Sur ces entrefaites j’envoyai Vendredi et le second du capitaine vers la chaloupe, avec ordre de s’en assurer, et d’emporter les avirons et la voile ; ce qu’ils firent. Aussitôt trois matelots rôdant, qui fort heureusement pour eux s’étaient écartés des autres, revinrent au bruit des mousquets ; et, voyant leur capitaine, de leur prisonnier qu’il était, devenu leur vainqueur, ils consentirent à se laisser garrotter aussi ; et notre victoire fut complète.

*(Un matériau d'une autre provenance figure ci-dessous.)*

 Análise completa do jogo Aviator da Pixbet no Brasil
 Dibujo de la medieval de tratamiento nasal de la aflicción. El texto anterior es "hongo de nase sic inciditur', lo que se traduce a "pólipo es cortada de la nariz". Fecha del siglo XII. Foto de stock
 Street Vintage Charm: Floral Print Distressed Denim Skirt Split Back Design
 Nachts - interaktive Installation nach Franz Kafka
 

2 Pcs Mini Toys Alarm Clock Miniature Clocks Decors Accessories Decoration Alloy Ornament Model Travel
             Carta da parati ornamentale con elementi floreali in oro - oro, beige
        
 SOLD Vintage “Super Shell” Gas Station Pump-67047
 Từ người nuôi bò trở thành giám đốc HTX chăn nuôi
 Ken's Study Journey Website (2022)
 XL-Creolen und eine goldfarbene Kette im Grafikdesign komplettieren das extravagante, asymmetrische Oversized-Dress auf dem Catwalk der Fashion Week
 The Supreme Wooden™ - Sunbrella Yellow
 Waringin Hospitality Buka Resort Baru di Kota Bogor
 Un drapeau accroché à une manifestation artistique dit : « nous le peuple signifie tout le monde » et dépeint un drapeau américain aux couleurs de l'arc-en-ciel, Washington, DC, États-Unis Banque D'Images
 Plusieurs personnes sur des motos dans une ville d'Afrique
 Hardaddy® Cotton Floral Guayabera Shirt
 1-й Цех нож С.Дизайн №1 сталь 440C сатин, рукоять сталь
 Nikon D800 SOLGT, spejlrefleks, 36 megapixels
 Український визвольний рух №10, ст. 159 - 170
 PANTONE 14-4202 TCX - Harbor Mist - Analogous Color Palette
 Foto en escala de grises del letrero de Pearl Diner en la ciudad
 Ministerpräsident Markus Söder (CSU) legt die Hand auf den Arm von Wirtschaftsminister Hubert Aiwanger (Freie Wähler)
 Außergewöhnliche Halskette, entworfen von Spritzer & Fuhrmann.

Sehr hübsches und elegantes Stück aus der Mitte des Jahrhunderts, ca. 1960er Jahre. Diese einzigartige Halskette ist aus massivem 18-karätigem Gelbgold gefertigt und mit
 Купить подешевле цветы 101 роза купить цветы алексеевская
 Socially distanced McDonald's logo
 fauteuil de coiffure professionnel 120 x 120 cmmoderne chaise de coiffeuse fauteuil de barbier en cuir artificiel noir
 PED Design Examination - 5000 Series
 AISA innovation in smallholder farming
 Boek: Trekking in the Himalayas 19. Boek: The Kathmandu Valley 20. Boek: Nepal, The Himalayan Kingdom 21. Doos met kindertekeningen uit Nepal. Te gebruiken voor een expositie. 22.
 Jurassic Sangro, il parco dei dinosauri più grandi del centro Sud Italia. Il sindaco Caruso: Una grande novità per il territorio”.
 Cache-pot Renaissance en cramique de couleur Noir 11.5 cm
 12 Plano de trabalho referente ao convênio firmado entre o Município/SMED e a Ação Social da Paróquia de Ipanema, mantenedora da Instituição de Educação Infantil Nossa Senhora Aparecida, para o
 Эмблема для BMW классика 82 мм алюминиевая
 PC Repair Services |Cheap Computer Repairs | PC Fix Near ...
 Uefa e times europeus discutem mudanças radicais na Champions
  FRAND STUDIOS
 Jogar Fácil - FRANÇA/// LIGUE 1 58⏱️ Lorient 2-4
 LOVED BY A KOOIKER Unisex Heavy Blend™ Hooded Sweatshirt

Il ne restait plus alors au capitaine et à moi qu’à nous ouvrir réciproquement sur notre position. Je commençai le premier, et lui contai mon histoire entière, qu’il écouta avec une attention qui allait jusqu’à l’ébahissement, surtout la manière merveilleuse dont j’avais été fourni de vivres et de munitions. Et au fait, comme mon histoire est un tissu de prodiges, elle fit sur lui une profonde impression. Puis, quand il en vint à réfléchir sur lui-même, et que je semblais avoir été préservé en ce lieu à dessein de lui sauver la vie, des larmes coulèrent sur sa face, et il ne put proférer une parole.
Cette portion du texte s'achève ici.